Germany Imposes Quota of 30 Percent Women On Corporate Boards

250px-Direktorium_LDEThe debate of the fairness and efficacy of quota systems heated up this week after German legislators have passed a law requiring the top 100 companies to allot at least 30 percent of the seats on their boards to women within the next two years. The bill also mandated increased in women in upper level positions for some 3,500 companies. The companies could face sanctions if they cannot find enough women to fill the quota.

I have long been a critic of quota systems and this is no exception. While I certainly agree with the motivation behind the law, the emphasis of regulations should be to tear down barriers to women — not to force hiring based on gender. I am a firm believer that the market works against discriminatory values and practices. Women have made amazing strides in business and politics, as vividly shown by the leadership of Germany by Chancellor Angela Merkel.

There is clearly an underrepresentation of women on these boards. However, the way to erase that differential is to guarantee opportunities for women and to combat discriminatory practices in my view.

What do you think?

Source: NBC

328 thoughts on “Germany Imposes Quota of 30 Percent Women On Corporate Boards”

  1. Prairie Rose,

    I fault both politicians and wealthy business people–including hedge fund managers–who have involved themselves in reforming our public schools.

    *****

    Here’s a story you may find interesting:

    The Plot Against Public Education
    How millionaires and billionaires are ruining our schools.
    By BOB HERBERT
    October 06, 2014
    http://www.politico.com/magazine/story/2014/10/the-plot-against-public-education-111630.html#.VRaxeVw-DBI

    Excerpt:
    Bill Gates had an idea. He was passionate about it, absolutely sure he had a winner. His idea? America’s high schools were too big.

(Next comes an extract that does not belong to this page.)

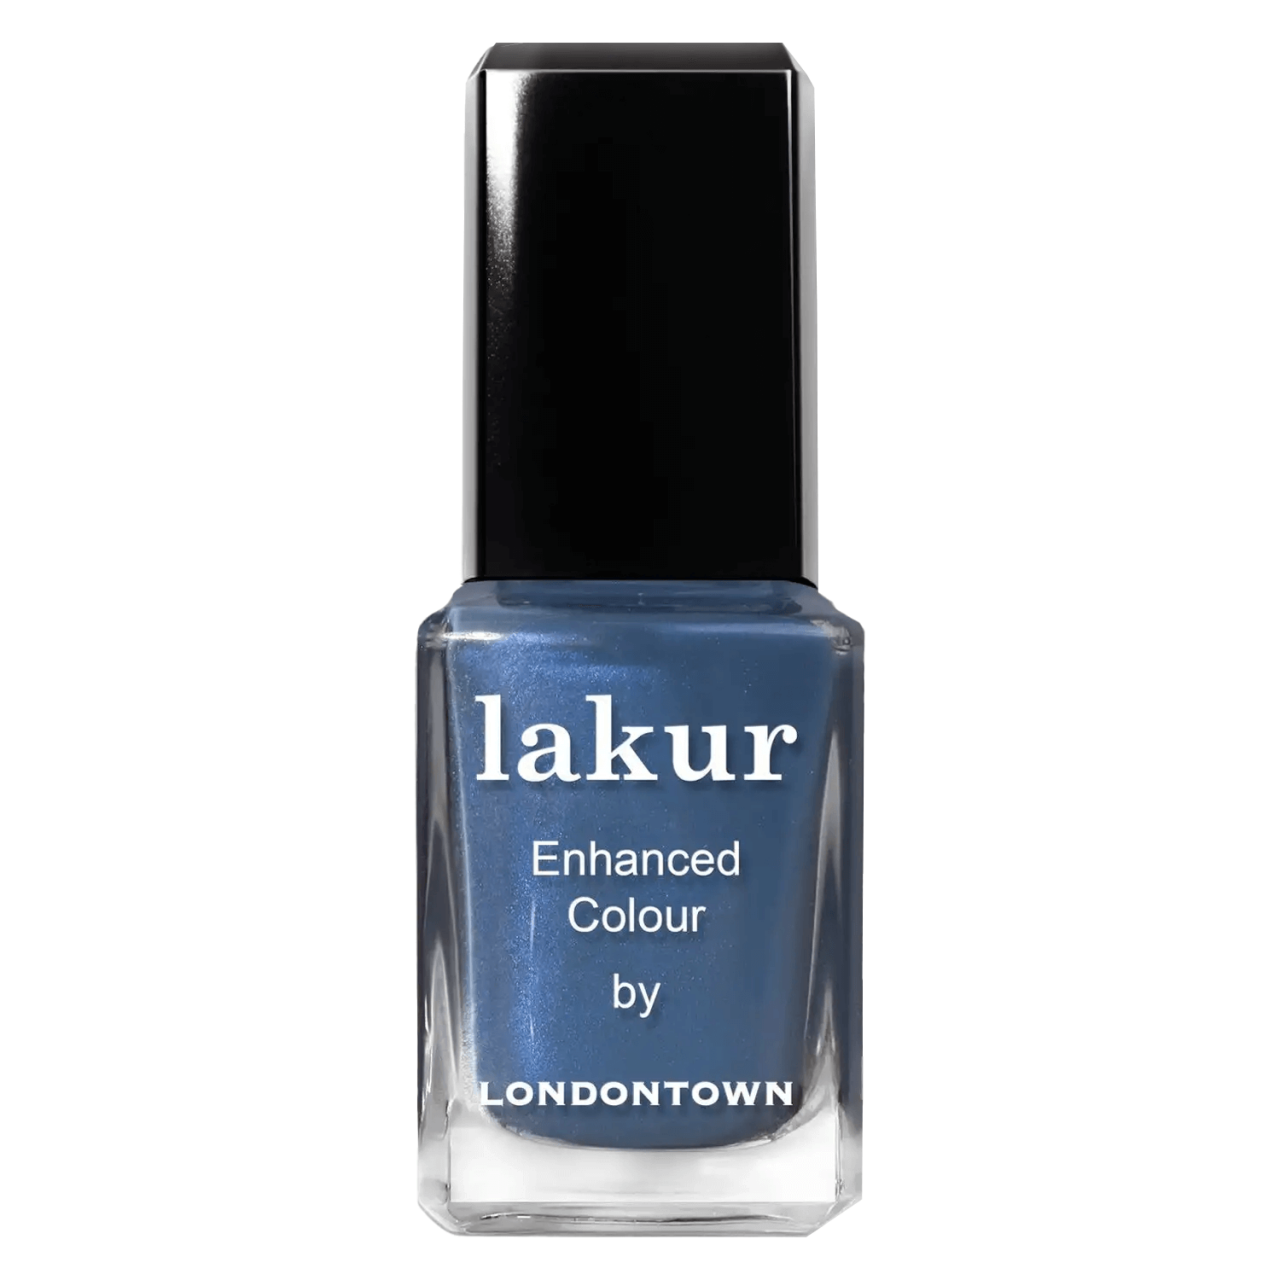 lakur - Blue Diamond von Londontown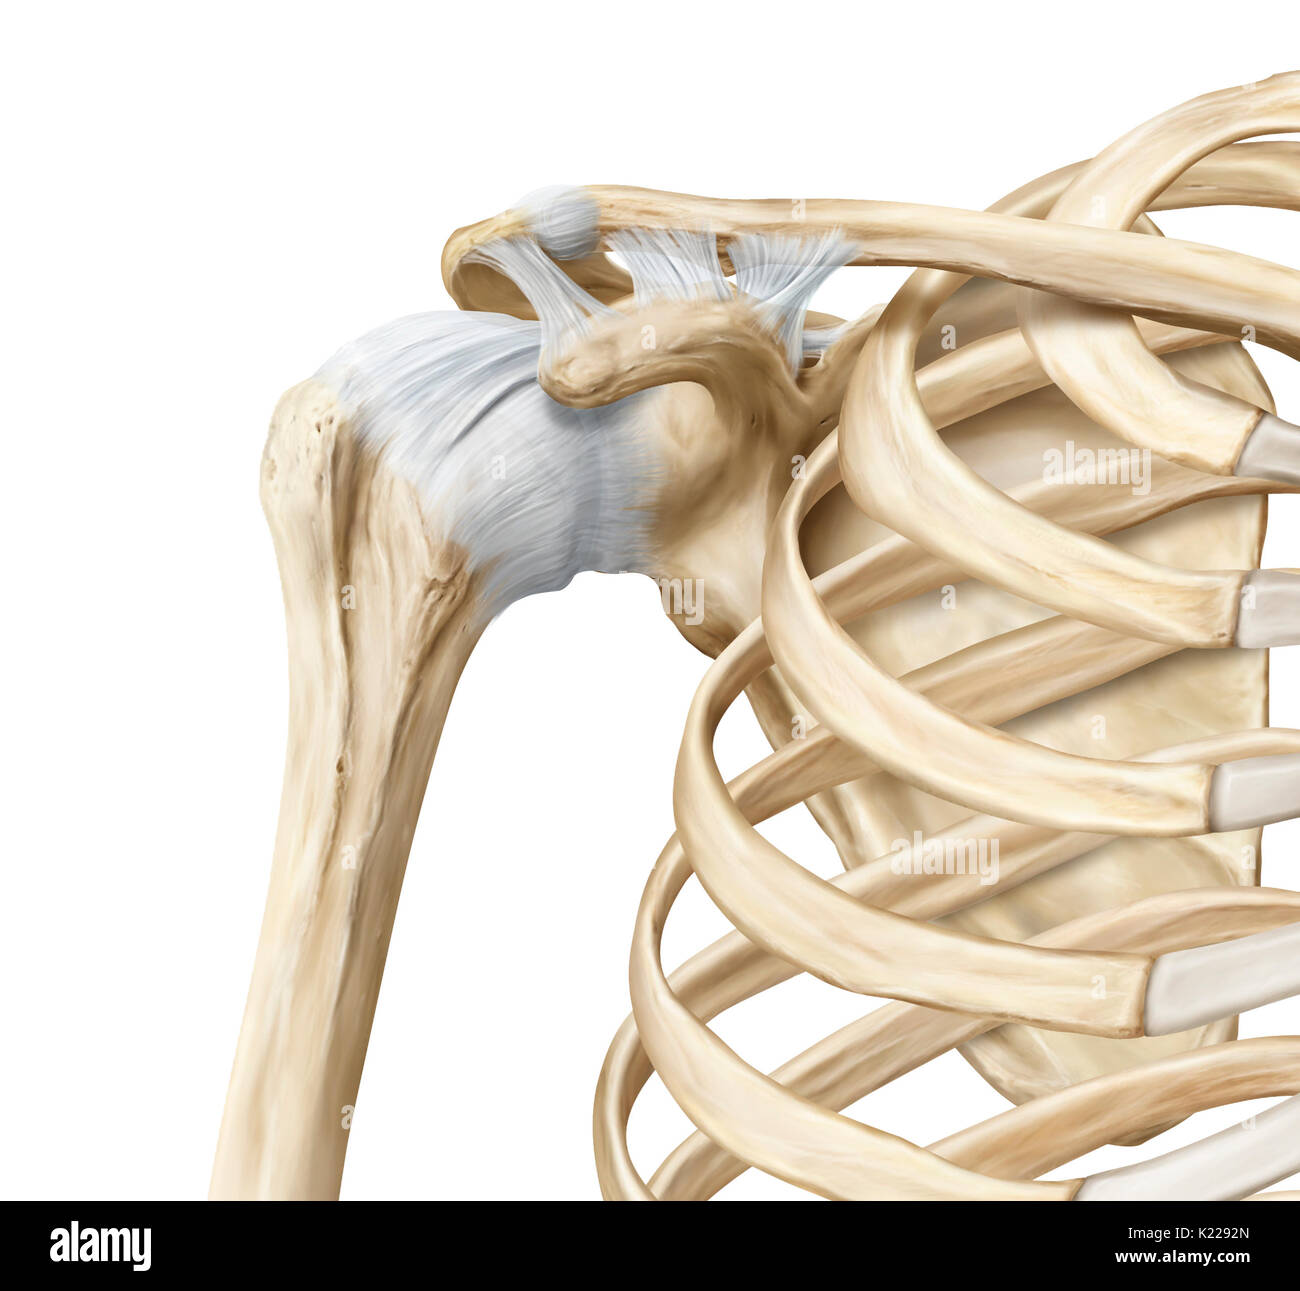 Ermöglicht Bewegung in viele Richtungen; das Kugelgelenk der Schulter ermöglicht dem humerus zu biegen und zu verlängern, zu drehen, und in der Nähe zu ziehen und vom Stamm ziehen. Stockfoto

    When a multibillionaire gets an idea, just about everybody leans in to listen. And when that idea has to do with matters of important public policy and the billionaire is willing to back it up with hard cash, public officials tend to reach for the money with one hand and their marching orders with the other. Gates backed his small-schools initiative with enormous amounts of cash. So, without a great deal of thought, one school district after another signed on to the notion that large public high schools should be broken up and new, smaller schools should be created.

    This was an inherently messy process. The smaller schools—proponents sometimes called them academies—would often be shoehorned into the premises of the larger schools, so you’d end up with two, three or more schools competing for space and resources in one building. That caused all sorts of headaches: Which schools would get to use the science labs, or the gyms? How would the cafeterias be utilized? And who was responsible for policing the brawls among students from rival schools?

  2. Elaine,
    Thanks for the article. The biometrics bracelets being developed by Gates sound particularly creepy.

    I did think, though, that the article focused too heavily on the culpability of business people/corporations like the Bill & Melinda Gates Foundation, the Waltons, Pearson, and not enough on the culpability of our federal representatives/administrators.

    “While it is true that the corporate reform moguls are completely out of touch with the vast majority of people, their strategy for remaking our schools on a business model is not the result of ignorance but of arrogance, not of misunderstanding but of the profit motive, not of silliness but rather of a desire for supremacy.”

    Replace “corporate reform moguls” with politicians and the sentence really has the same meaning. 🙁

    Dao Tran does call out “officials” in the article, but it is still the juxtaposition of the super-rich with business that practically lets the government off the hook:

    “The superrich are not failing to understand the basics of how to provide a nurturing education for the whole child. The problem is that they believe this type of education should be reserved only for their own children.”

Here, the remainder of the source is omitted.